Here are five key trends to watch in 2020.

     1. Rapidly Evolving State Unclaimed Property Laws

State legislatures have been extremely active on unclaimed property issues over the past few years, and this trend is expected to continue in 2020. Following the promulgation of a new model law for unclaimed property in 2016 (the 2016 Uniform Act), more than half a dozen states have enacted wholesale replacements to their unclaimed property statutes,1  and other states are considering similar legislation. The 2016 Uniform Act carries forward most of the core provisions of current law, but with significant additions and updates on many topics: property types, dormancy periods, priority rules, and audit standards. In 2020, proposed overhaul legislation based on the 2016 Uniform Act is expected in at least several states, including Minnesota and Washington. In recent years, other states have adopted legislation and/or regulations focused on particular issues, such as gift cards, life insurance, or consolidated reporting, and 2020 is expected to see new proposals in a range of states. Holders should be prepared for continued changes in unclaimed property standards at the state level.

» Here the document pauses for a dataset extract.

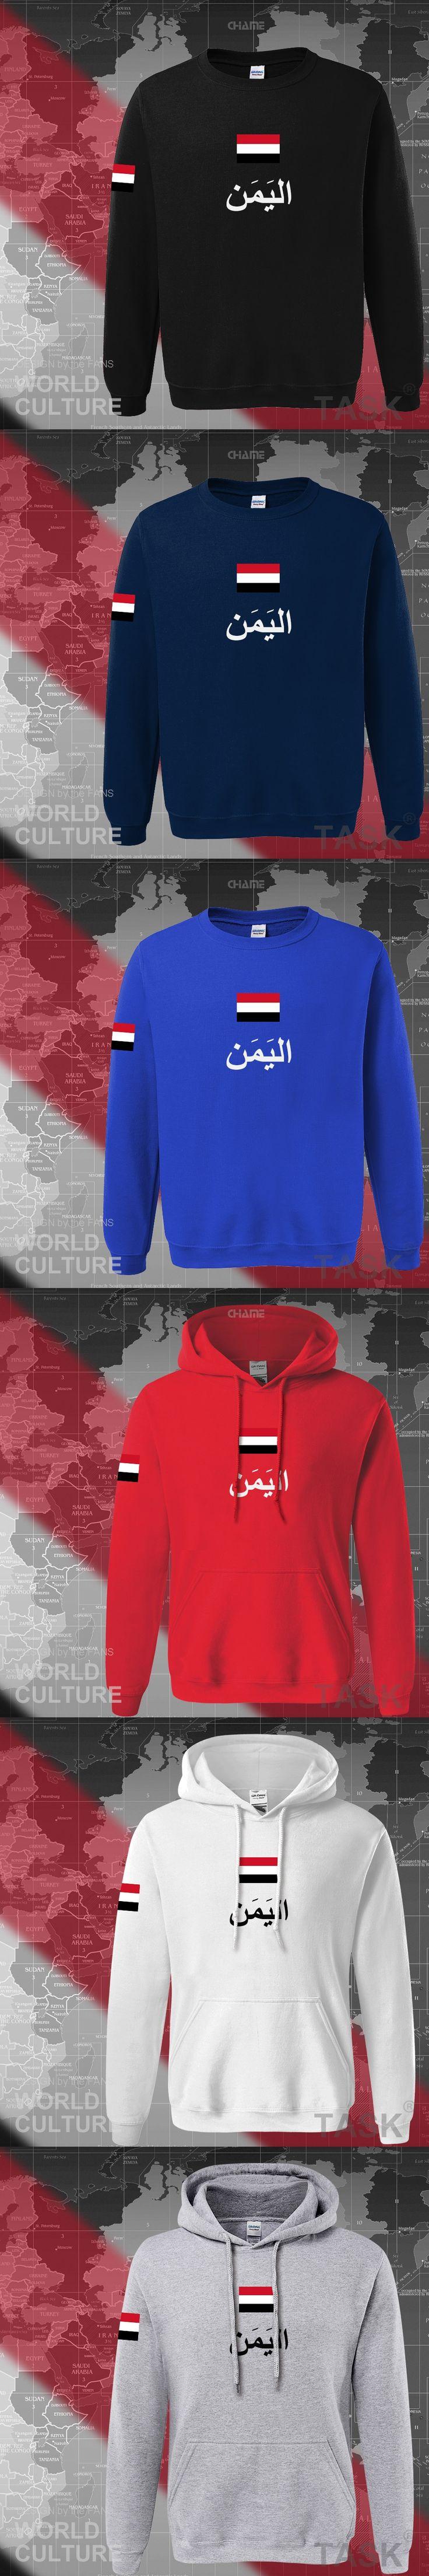 Yemen Yemeni Arabi hoodies men sweatshirt sweat new hip hop streetwear clothing top sporting tracksuit nation country YEM Islam
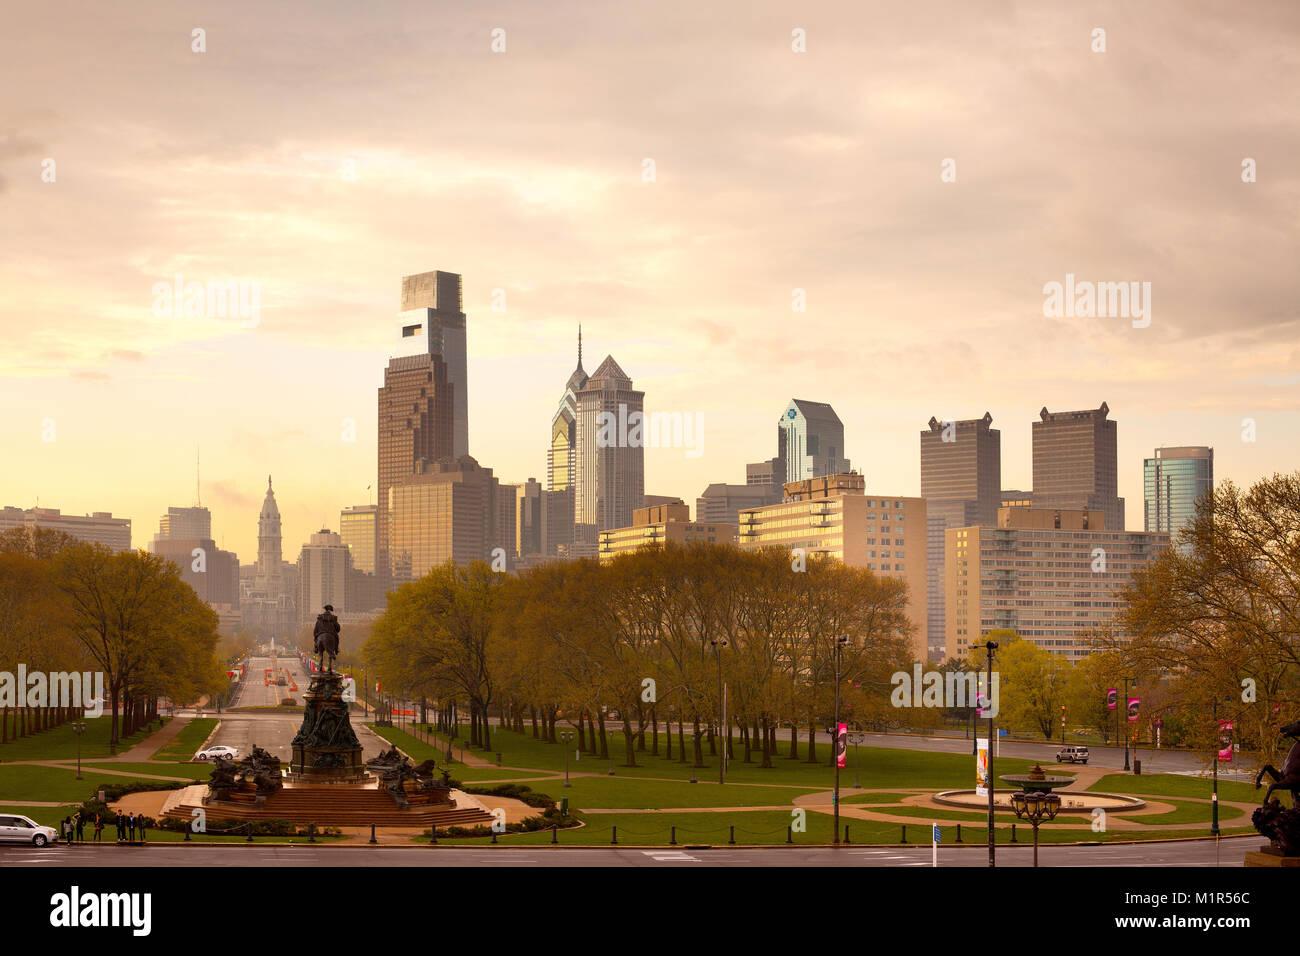 Philadelphia, Pennsylvania, USA - Downtown skyline with City Hall on a rainy day. - Stock Image

     2. Audit Estimation Methods Again Under Assault. 

The long-running dispute over the use of controversial estimation techniques has heated up again with a new round of litigation against Delaware filed by four companies in late 2019.2  Delaware’s estimation techniques, pioneered by its lead auditor Kelmar Associates, are controversial because they can result in a disproportionate assessment due to Delaware. Because the lookback period for an audit often exceeds typical record retention periods, auditors will use estimation techniques to estimate a liability for periods where records are not available. And most significantly, for companies incorporated in Delaware, the state continues to take the aggressive position that it has the authority to review all of the company’s data, regardless of jurisdiction, and to issue an estimated assessment for a 50 state liability, due to Delaware, for the periods where complete records are no longer available. 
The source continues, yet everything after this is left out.